The $\mathrm{v}$-number and Castelnuovo-Mumford regularity of cover ideals of graphs

TL;DR

This paper investigates the v-number of cover ideals of graphs, establishing bounds relating it to regularity, and explores its connection to Cohen-Macaulay properties, with explicit computations for cycles.

Contribution

It proves that the v-number of cover ideals is bounded above by the regularity, a surprising contrast to edge ideals, and characterizes cases where they are equal or differ arbitrarily.

Findings

v-number of cover ideals is always less than or equal to the regularity

Infinite classes of graphs where v-number equals regularity are identified

Explicit v-number calculations are provided for cycle graphs

Abstract

The $\mathrm{v}$-number of a graded ideal $I\subseteq R$, denoted by $\mathrm{v}(I)$, is the minimum degree of a polynomial $f$ for which $I:f$ is a prime ideal. Jaramillo and Villarreal (J Combin Theory Ser A 177:105310, 2021) studied the $\mathrm{v}$-number of edge ideals.
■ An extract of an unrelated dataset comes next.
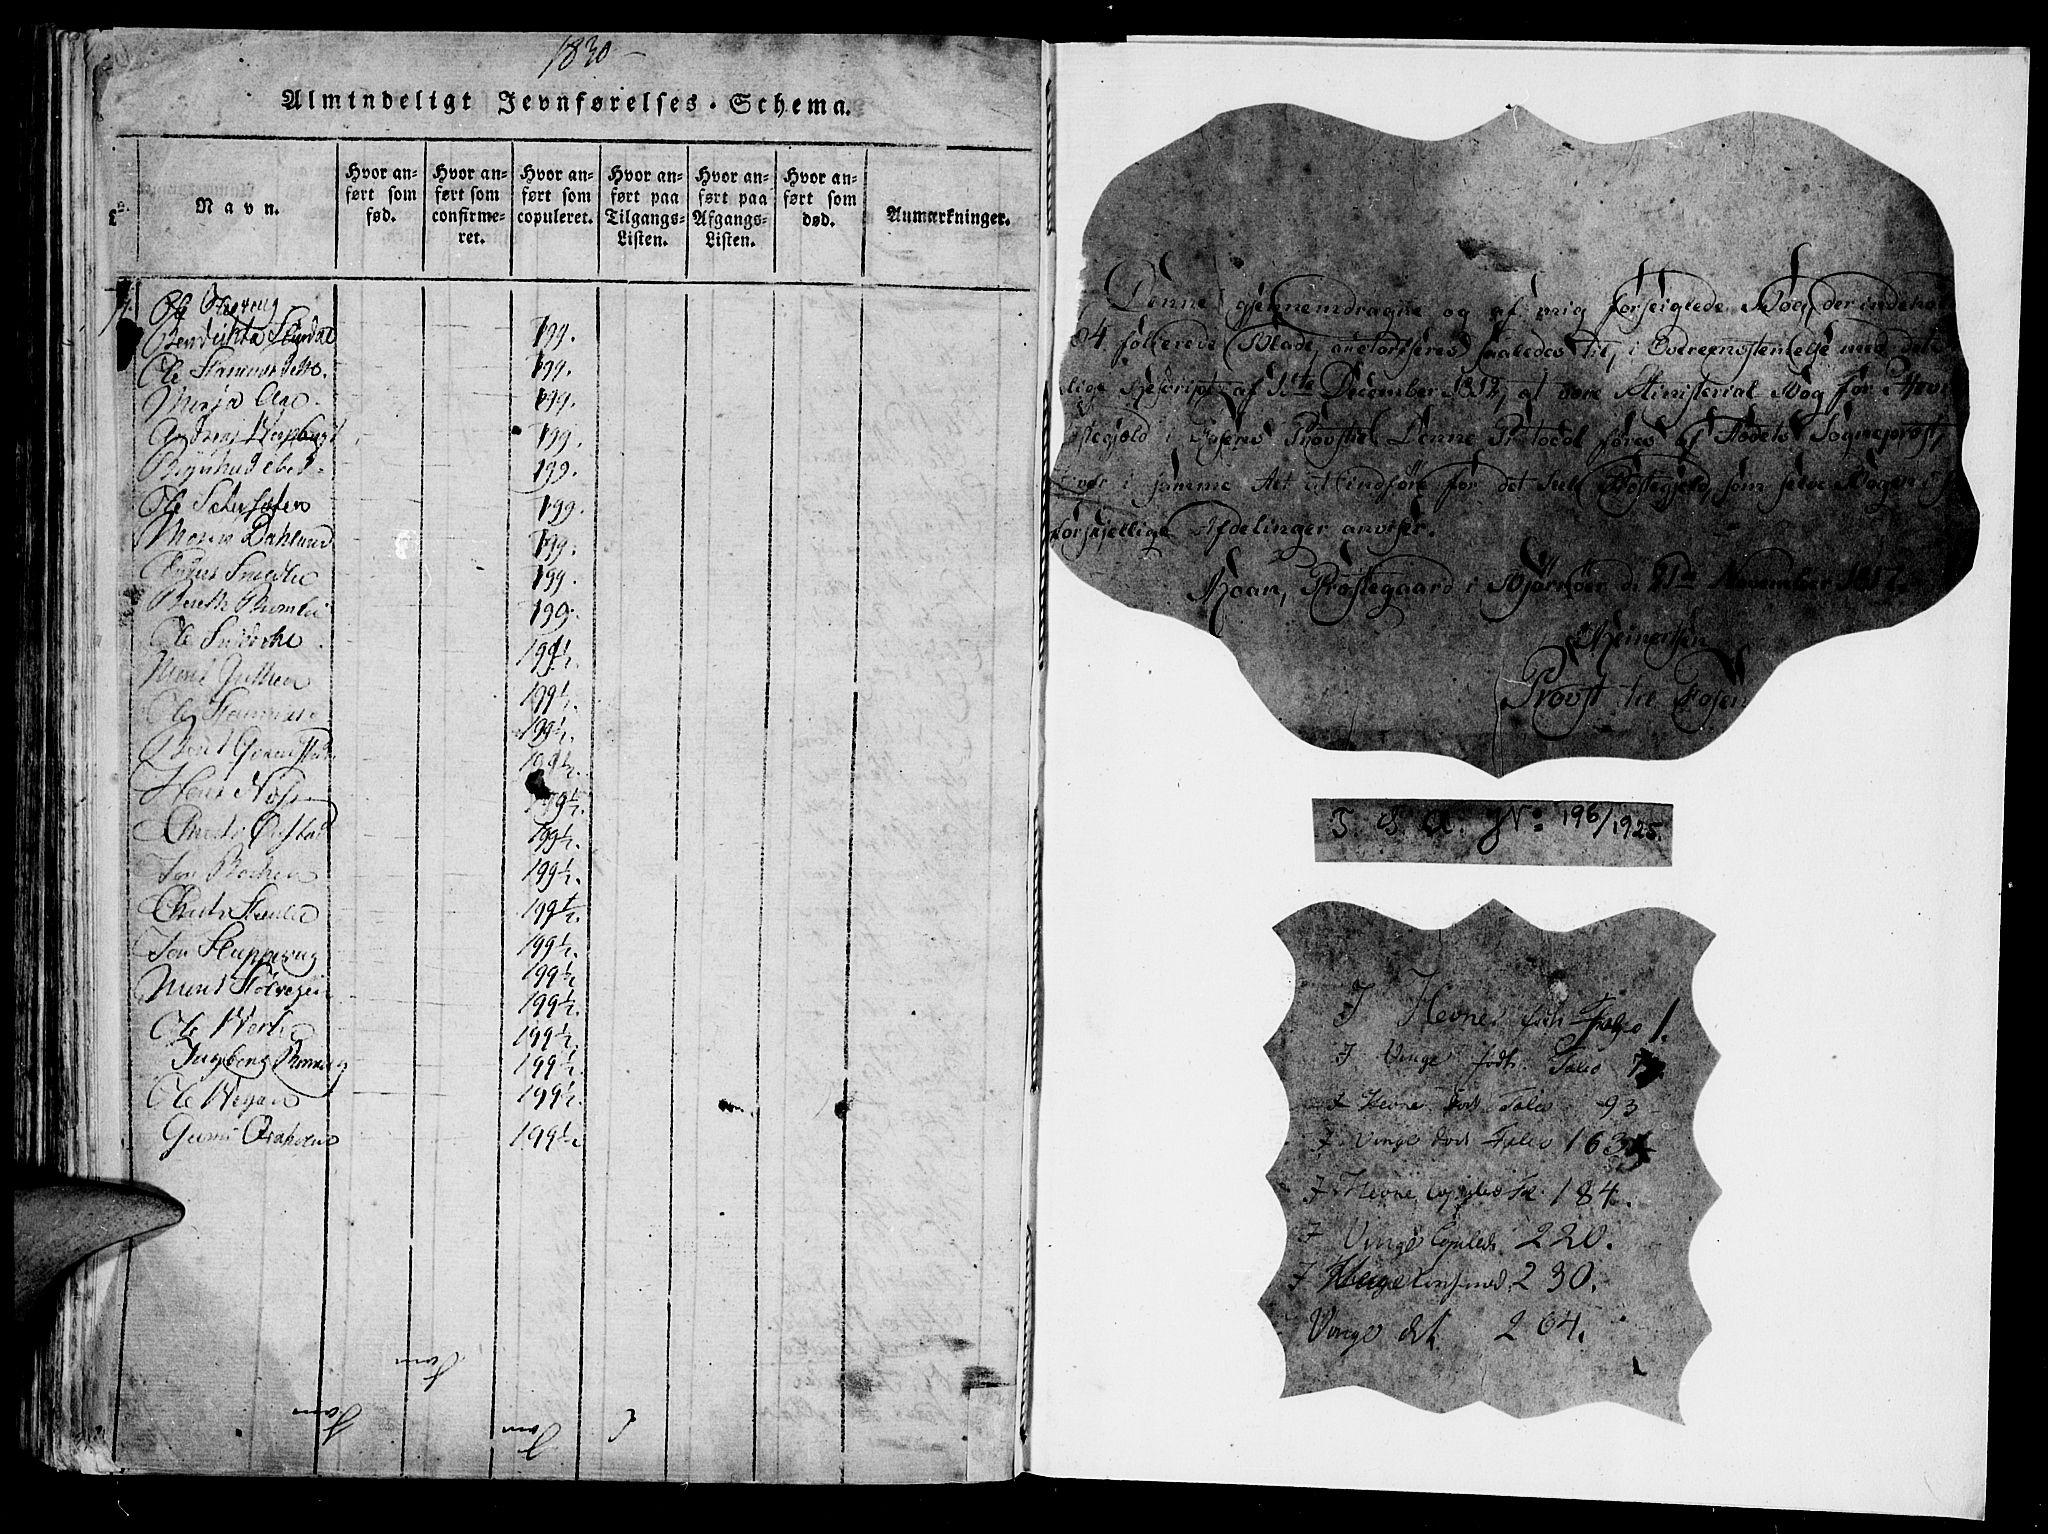 SAT, Ministerialprotokoller, klokkerbøker og fødselsregistre - Sør-Trøndelag, 630/L0491: Ministerialbok nr. 630A04, 1818-1830, s. 365

In this paper, we study the $\mathrm{v}$-number of the cover ideal $J(G)$ of a graph $G$. The main result shows that $\mathrm{v}(J(G))\leq \mathrm{reg}(R/J(G))$ for any simple graph $G$, which is quite surprising because, for the case of edge ideals, this inequality does not hold. Our main result relates $\mathrm{v}(J(G))$ with the Cohen-Macaulay property of $R/I(G)$. We provide an infinite class of connected graphs, which satisfy $\mathrm{v}(J(G))=\mathrm{reg}(R/J(G))$. Also, we show that for every positive integer $k$, there exists a connected graph $G_k$ such that $\mathrm{reg}(R/J(G_k))-\mathrm{v}(J(G_k))=k$. Also, we explicitly compute the $\mathrm{v}$-number of cover ideals of cycles.